O entendimento foi firmado por maioria de votos.

Acompanharam a divergência aberta pelo ministro Ricardo Villas Bôas Cueva o ministro Moura Ribeiro e a ministra Daniela Teixeira.

O que é seguro prestamista?O seguro prestamista é um tipo de seguro contratado para garantir o pagamento de uma dívida caso ocorra algum evento que impeça o devedor de quitá-la.

Entenda o caso

O processo teve origem em ação proposta após a morte do segurado, participante de consórcio administrado pela Honda.

Os autores buscaram judicialmente a quitação do seguro prestamista vinculado ao contrato de consórcio.

A sentença reconheceu o direito à cobertura securitária.

Na fase de cumprimento de sentença, porém, o TJ/RS readequou a execução, determinando que a seguradora se limitasse a pagar o saldo devedor ao consórcio, afastando a incidência de correção monetária desde o evento e juros de mora desde a citação.

Diante disso, foi interposto recurso especial ao STJ para discutir se esses encargos deveriam incidir sobre a condenação.

Voto da relatora

Relatora do caso, ministra Nancy Andrighi entendeu que não deveriam incidir juros e correção monetária sobre o valor executado.

Segundo a ministra, a natureza do contrato - seguro prestamista vinculado ao consórcio - seria incompatível com a aplicação de encargos moratórios.

Com esse entendimento, Nancy votou por negar provimento ao recurso especial.

O voto foi acompanhado pelo ministro Humberto Martins.

Divergência

Ministro Ricardo Villas Bôas Cueva abriu divergência ao destacar que, na fase de conhecimento, o contrato foi juridicamente qualificado como seguro de vida em grupo.

Para ele, afastar juros e correção monetária no cumprimento de sentença violaria a coisa julgada, pois alteraria os efeitos do título executivo.

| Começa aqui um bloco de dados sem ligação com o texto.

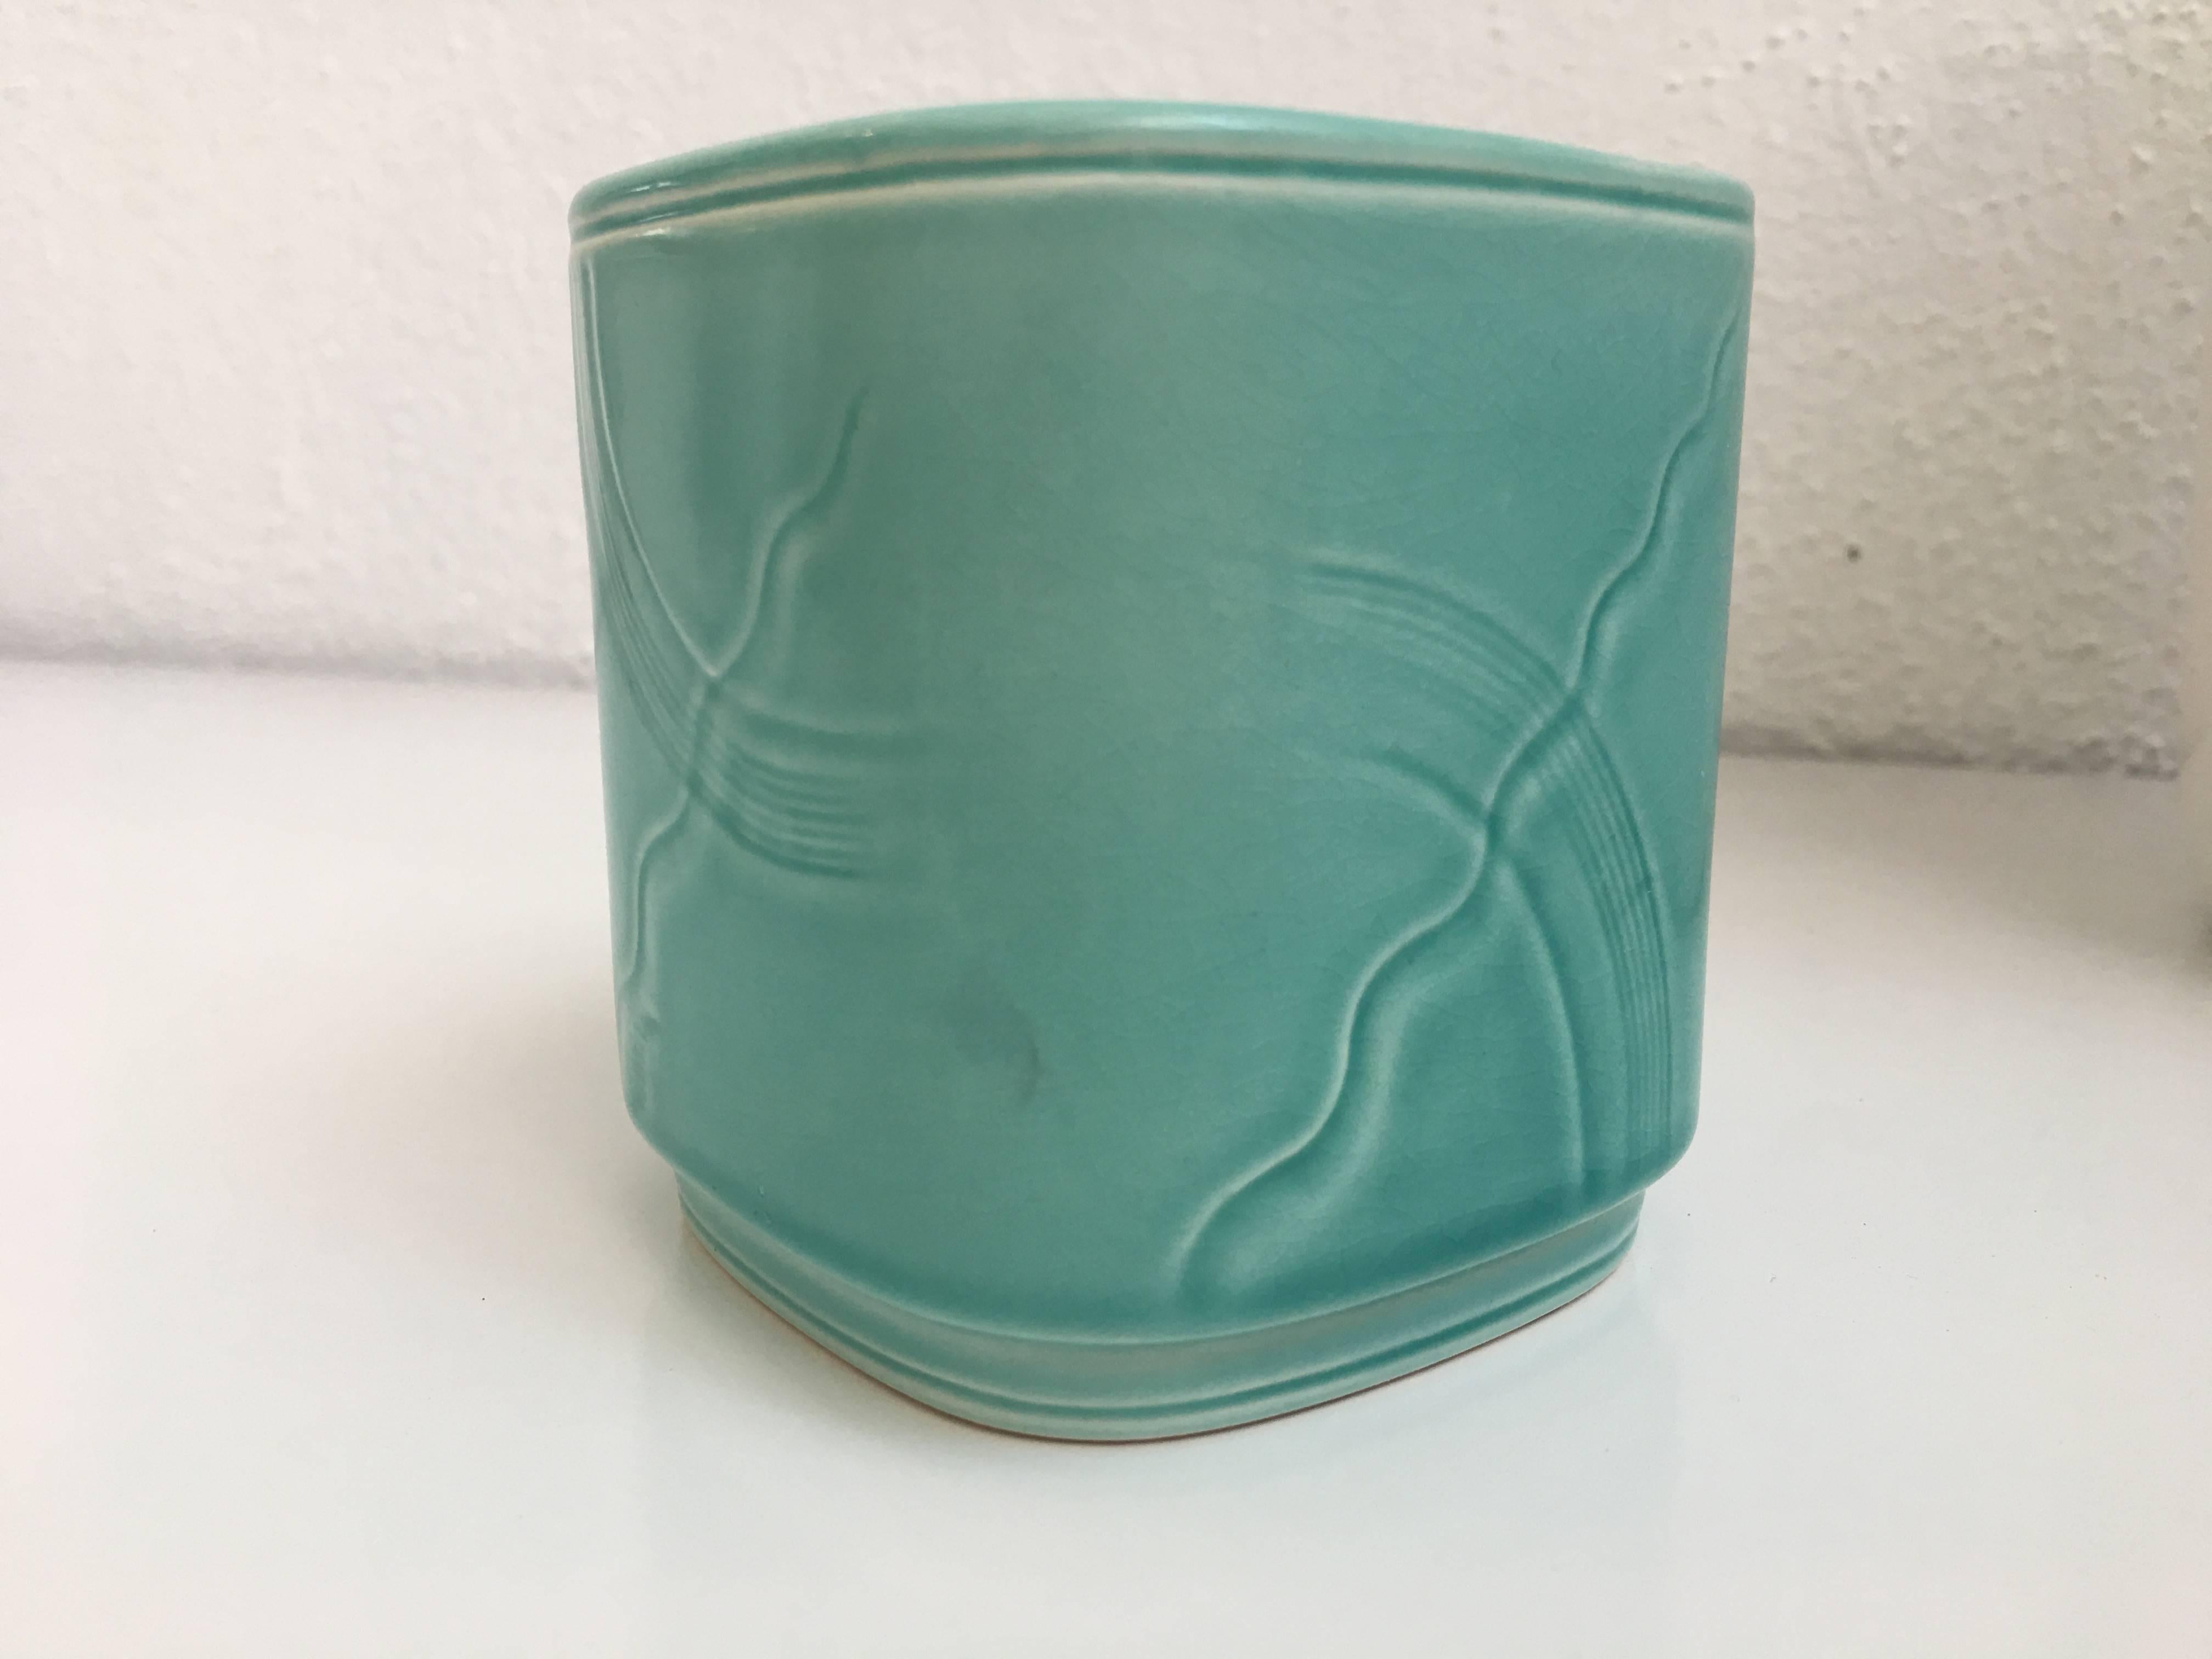 Danish Nils Thorsson for Aluminia, Solbjerg Vessel with Fish Motif For Sale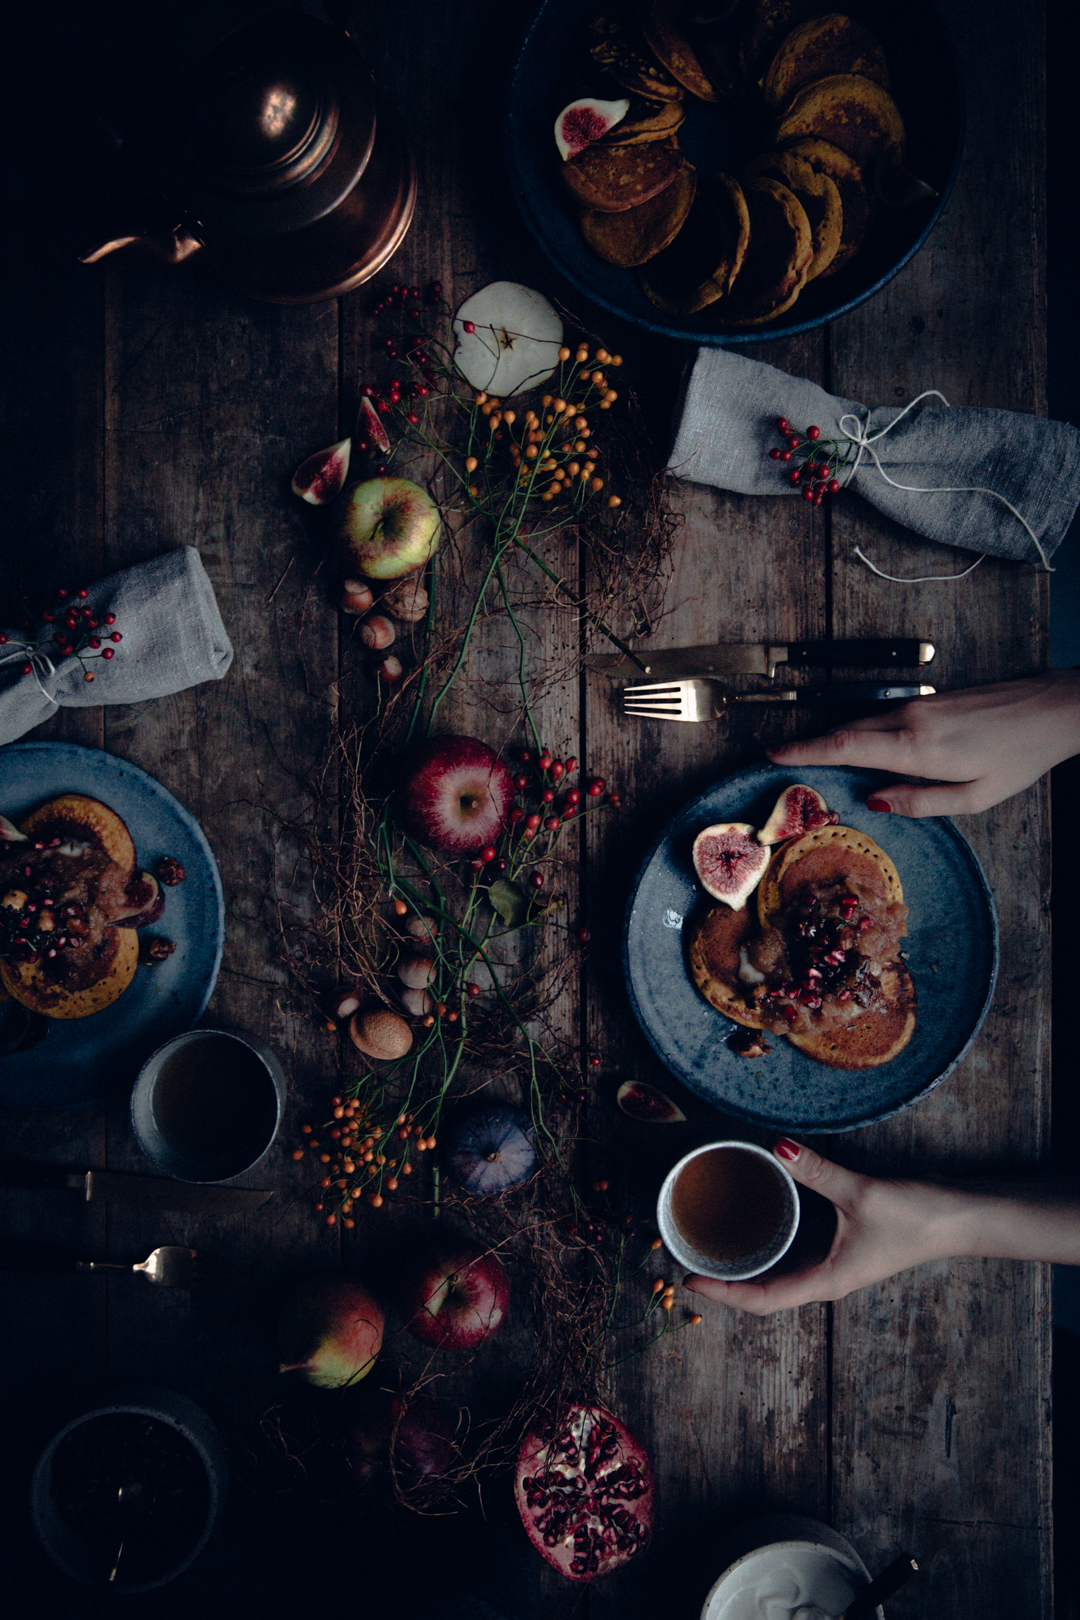 pumpkin-pancakes-with-food-stories-photography-by-christiann-koepke-of-christiannkoepke-com-28

Cueva ressaltou que a jurisprudência do STJ reconhece que o descumprimento de obrigação indenizatória em contrato de seguro de vida enseja a incidência de juros de mora e correção monetária.

O voto foi acompanhado pelo ministro Moura Ribeiro.

Voto-vista

Ministra Daniela Teixeira acompanhou a divergência.

Para a ministra, embora o contrato tenha sido firmado como seguro prestamista vinculado ao consórcio, o título judicial tratou a avença como seguro pessoal de vida, circunstância que deve ser respeitada na fase de execução.

Segundo Daniela, a exclusão dos encargos moratórios contraria diretamente a coisa julgada, pois limita a condenação ao débito contratual.

Ela também destacou que os herdeiros não receberam imediatamente a carta de crédito após o sinistro, o que gerou prejuízo econômico que não pode ser desconsiderado.

Com o voto da ministra Daniela Teixeira, formou-se maioria para dar provimento ao recurso especial, restabelecendo a decisão de primeira instância que havia admitido a incidência de juros de mora e correção monetária.